• Exercise prompt:
Your task is to copy the stretch of lines in the records below that begins with the line containing "Simone Fortune, 37, from" and ends with the line containing "Roper Men's America", exactly as written, with nothing added.

• Dataset records:
>>>>>
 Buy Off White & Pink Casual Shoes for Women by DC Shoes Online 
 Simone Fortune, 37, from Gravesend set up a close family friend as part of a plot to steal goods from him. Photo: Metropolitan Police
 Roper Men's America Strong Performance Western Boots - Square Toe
<<<<<
>>>>>
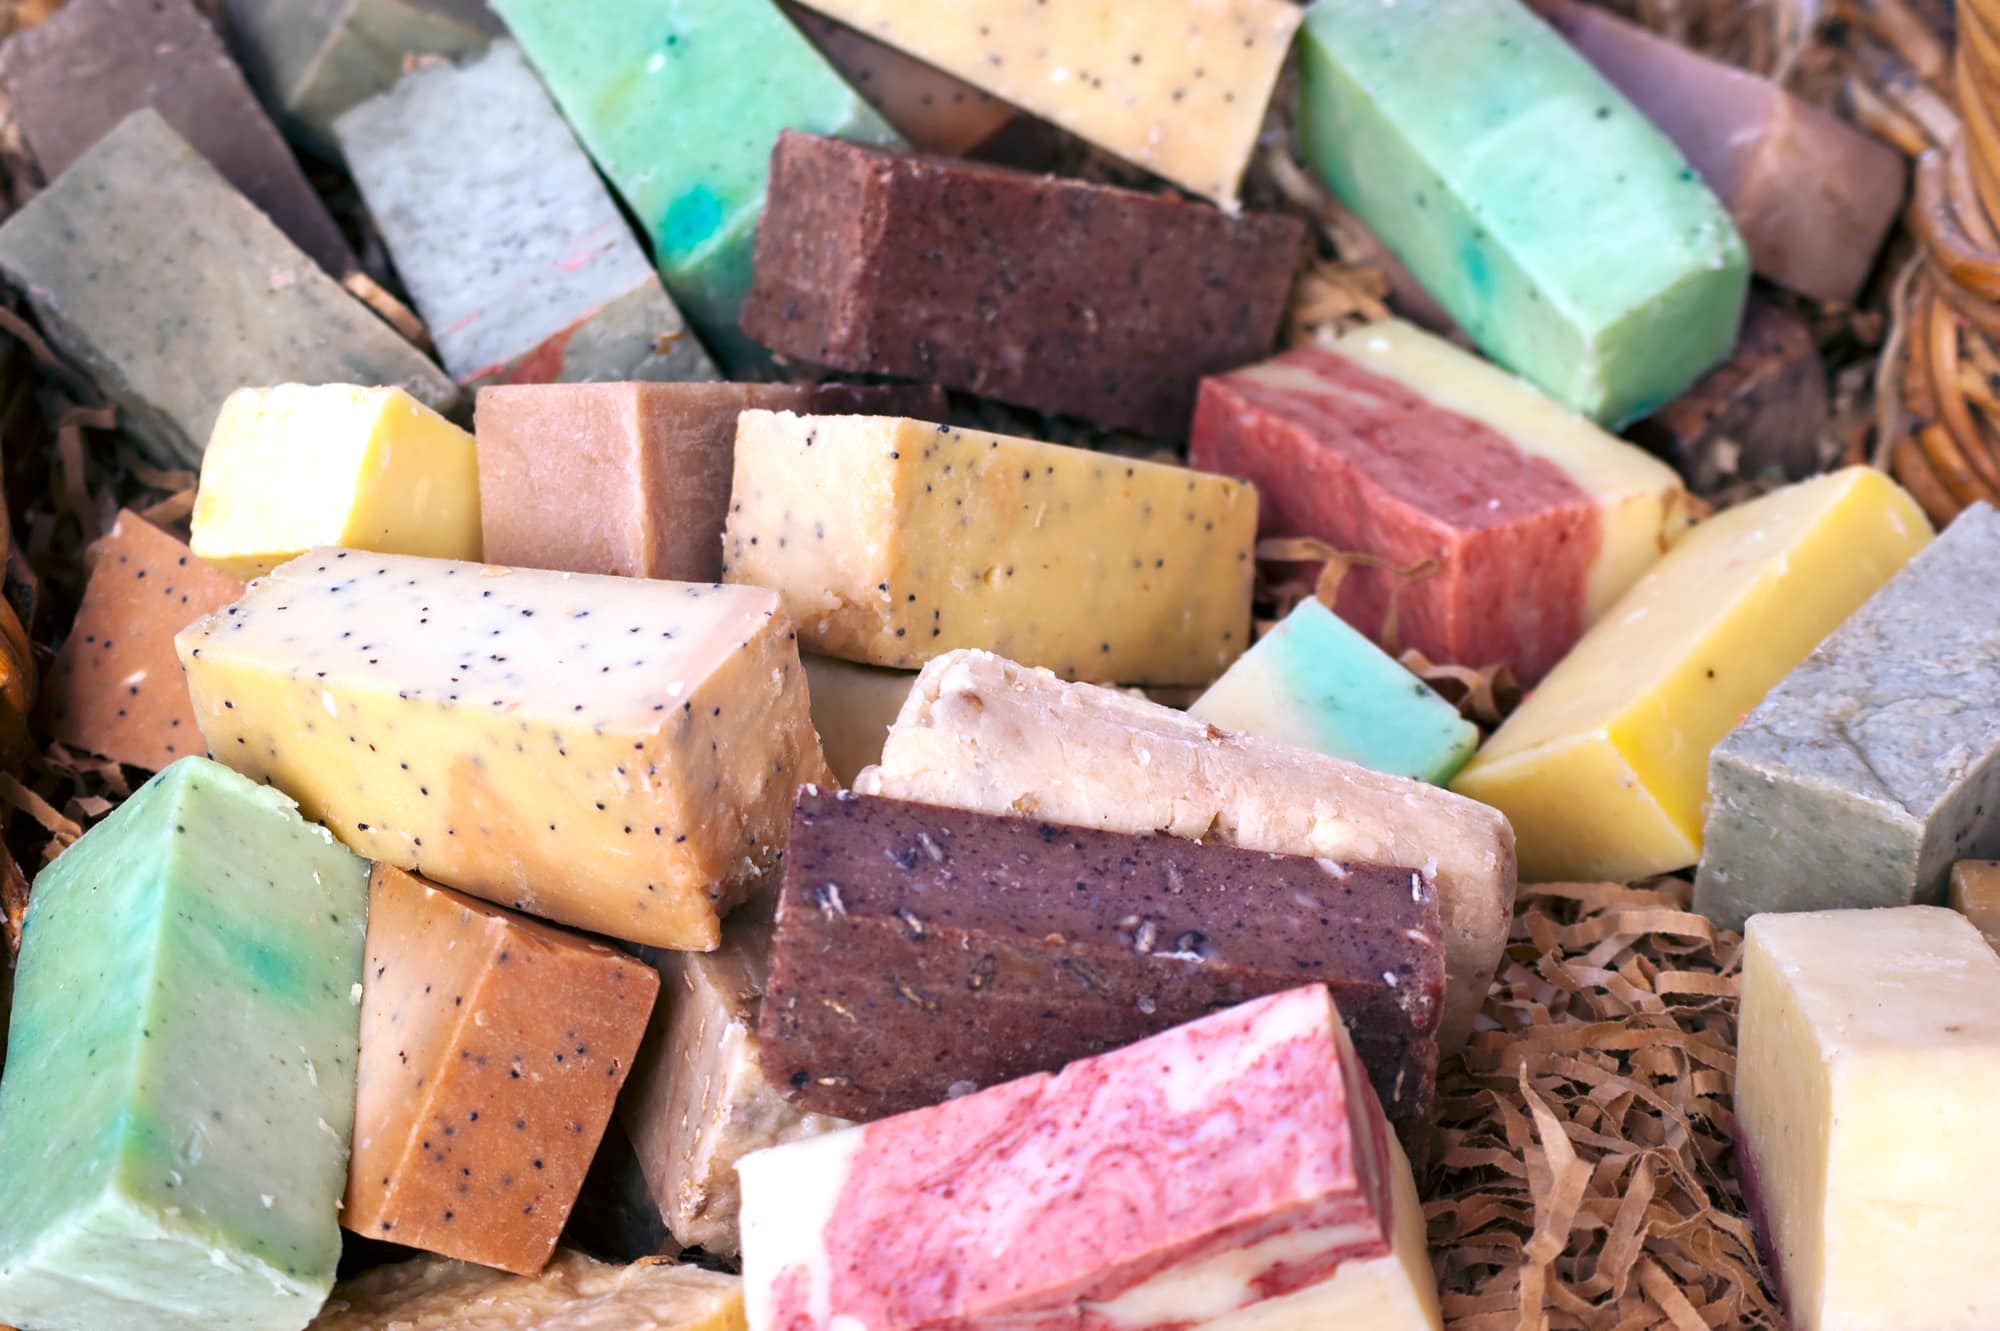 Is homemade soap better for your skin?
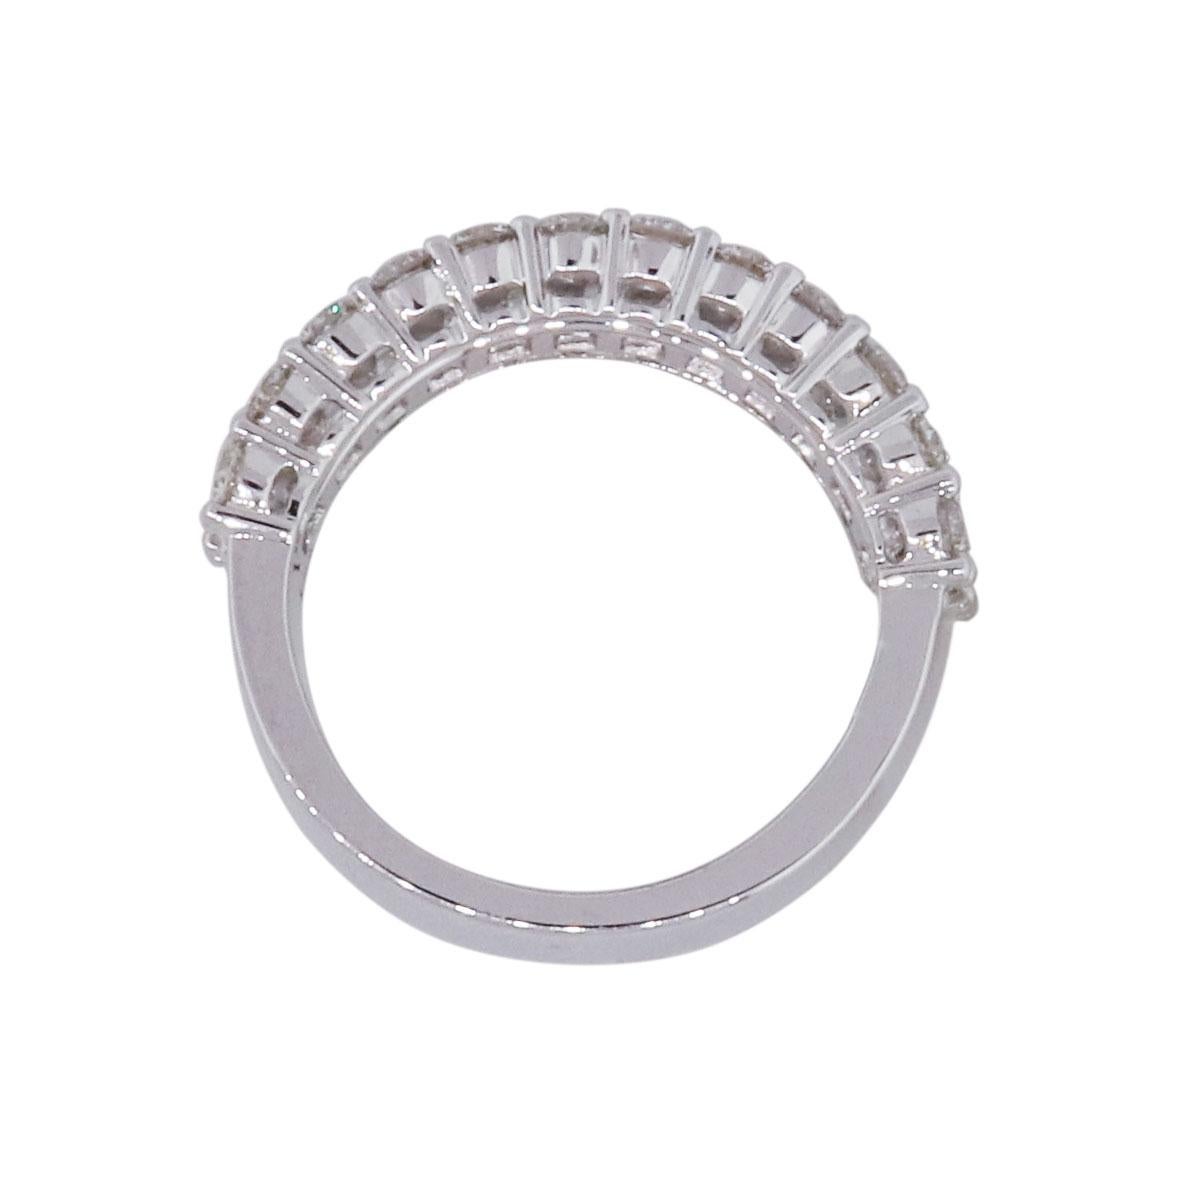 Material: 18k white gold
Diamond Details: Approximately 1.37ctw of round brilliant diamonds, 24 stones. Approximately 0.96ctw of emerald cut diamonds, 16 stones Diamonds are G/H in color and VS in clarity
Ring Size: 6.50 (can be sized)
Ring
<<<<<
• Reply:
 Simone Fortune, 37, from Gravesend set up a close family friend as part of a plot to steal goods from him. Photo: Metropolitan Police
 Roper Men's America Strong Performance Western Boots - Square Toe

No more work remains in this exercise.